Tissue sections were obtained from the Gaensler Lung Archive at the Boston University Pulmonary Center and the Boston Veterans Affairs Hospital. These specimens are paraffin-embedded tissue processed using standard clinical techniques. Immunohistochemical staining was done on a Ventanna ES automated stainer (Ventanna, Tucson, AZ). Sections 5 μm thick were baked for 1 hr at 60°C onto positively charged slides and then deparaffinized with xylene and hydrated in graded alcohol washes to water. Slides were then processed with Ventanna’s protease I reagent for 4 min and incubated with primary antibodies for 32 min at 42°C. The manufacturer’s protocol was used for the diaminobenzidine kit (osteopontin) and the fast red kit (CD68). Images were photographed with Kodak Ektachrome or Ektar film and scanned into Adobe Photoshop to create composite figures.

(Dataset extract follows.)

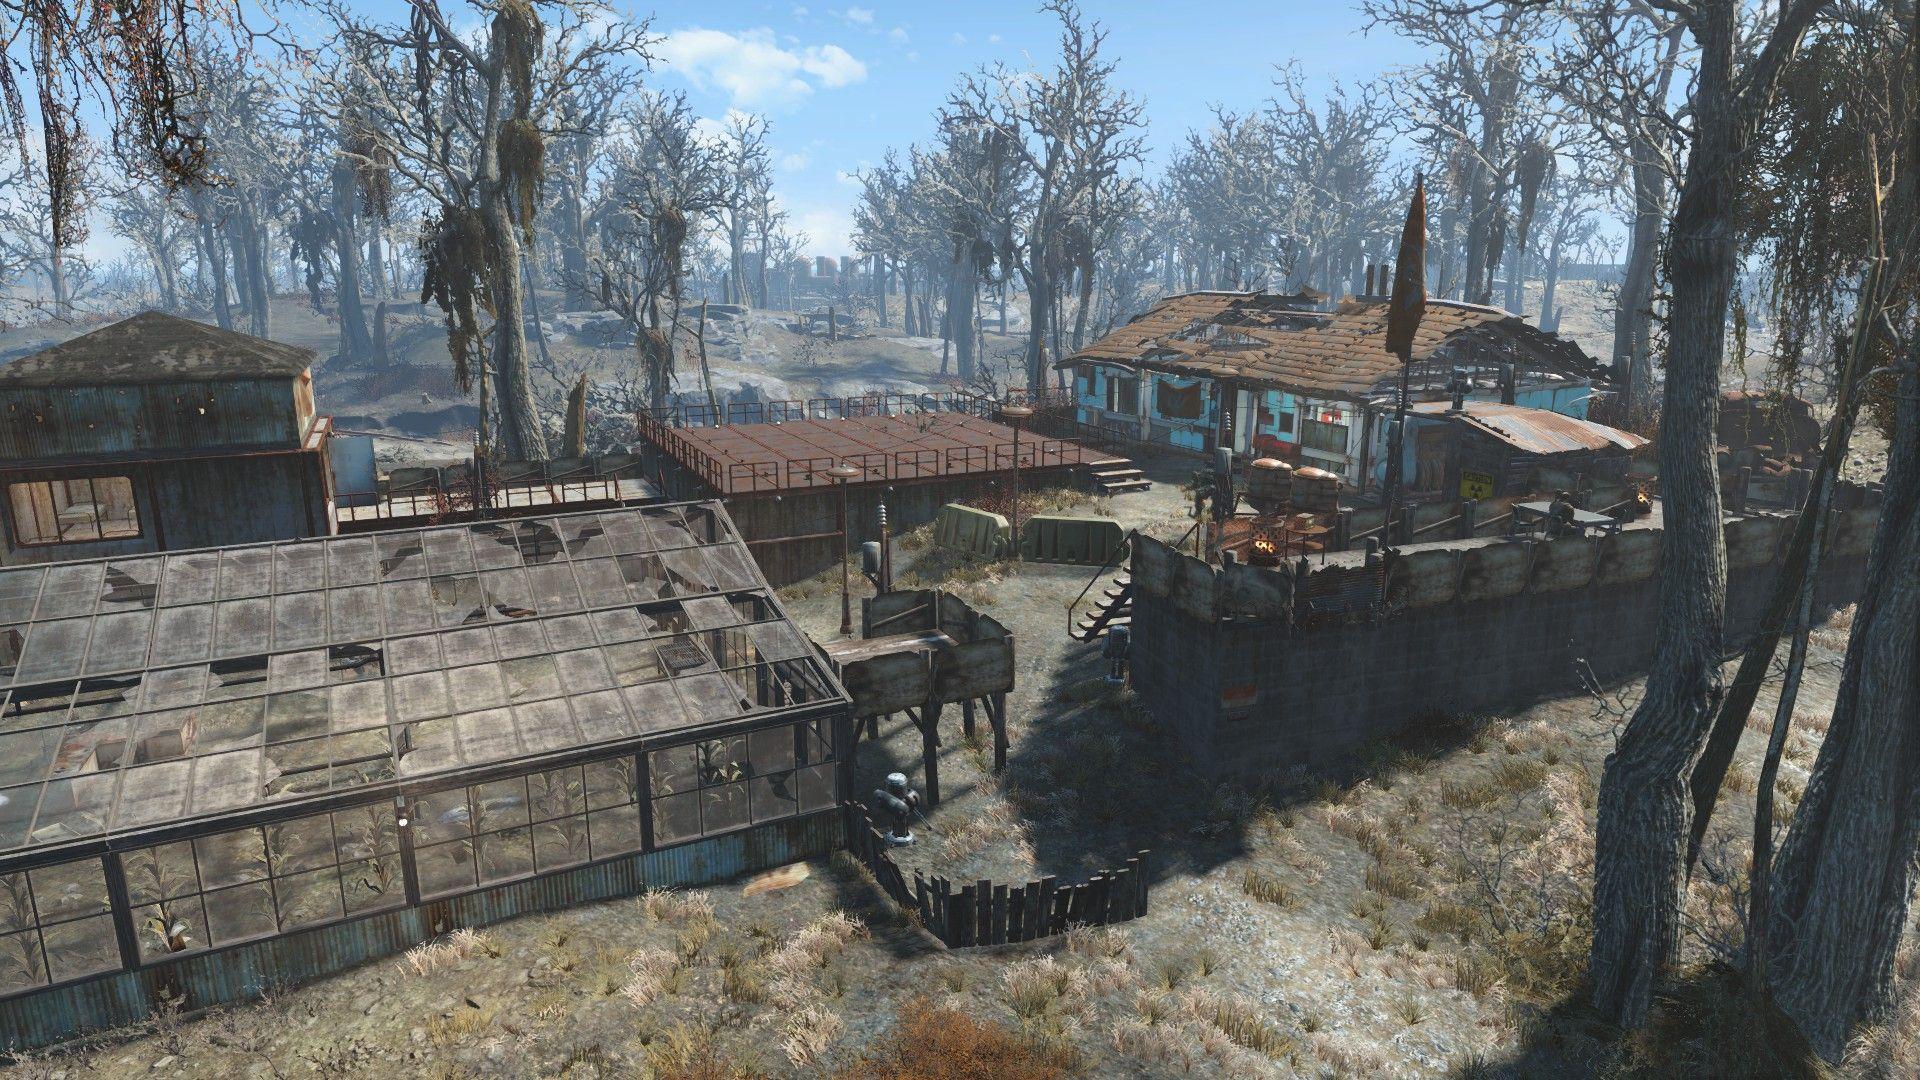 Greentop Nursery Brotherhood of Steel Outpost - No Mods #Fallout4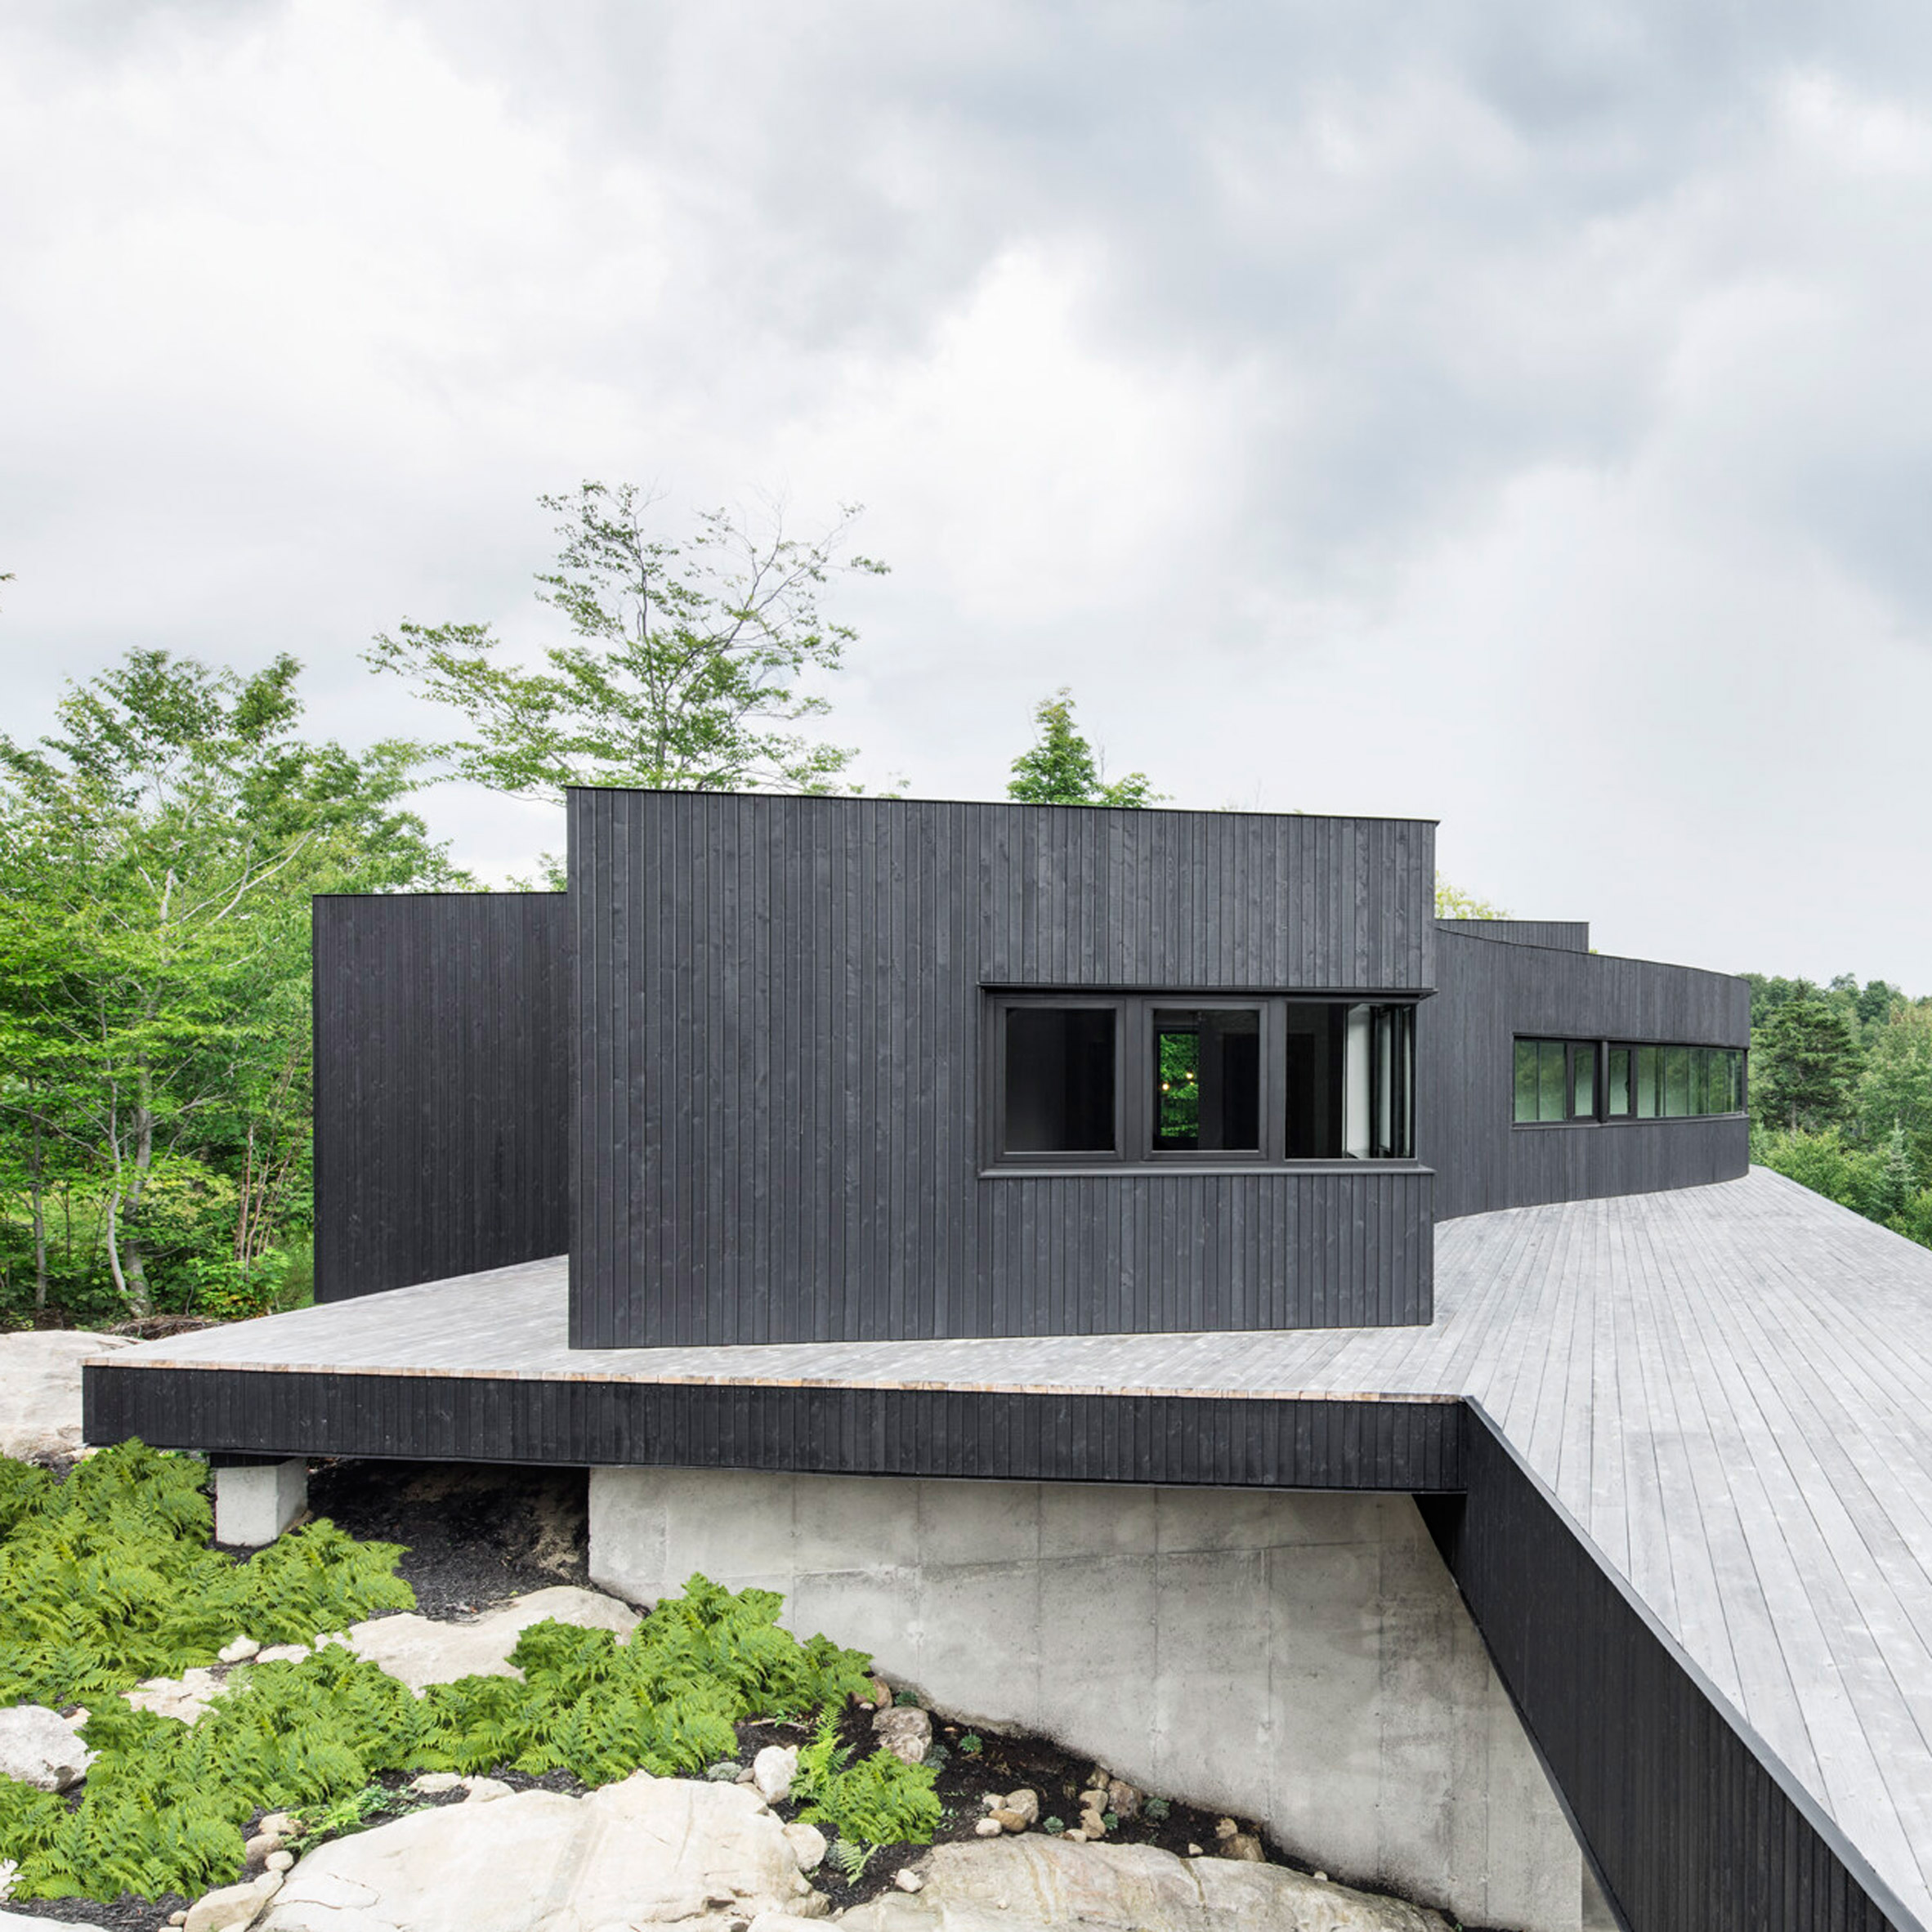 La heronniere by alain carle interior design jobs quebec for Interior design jobs in europe

mAbs MPIIIB101, specific for rat and human osteopontin, and QH1, specific for quail vascular endothelial cells, were obtained from the Developmental Studies Hybridoma Bank (Iowa City, Iowa) and used at 1:200 dilution of hybridoma supernatant (400 and 500 ng/ml, respectively). mAb KP-1 (24) recognizing human CD68 was obtained from Dako.

RESULTS

Identification of Genes Associated with Infection of Macrophages.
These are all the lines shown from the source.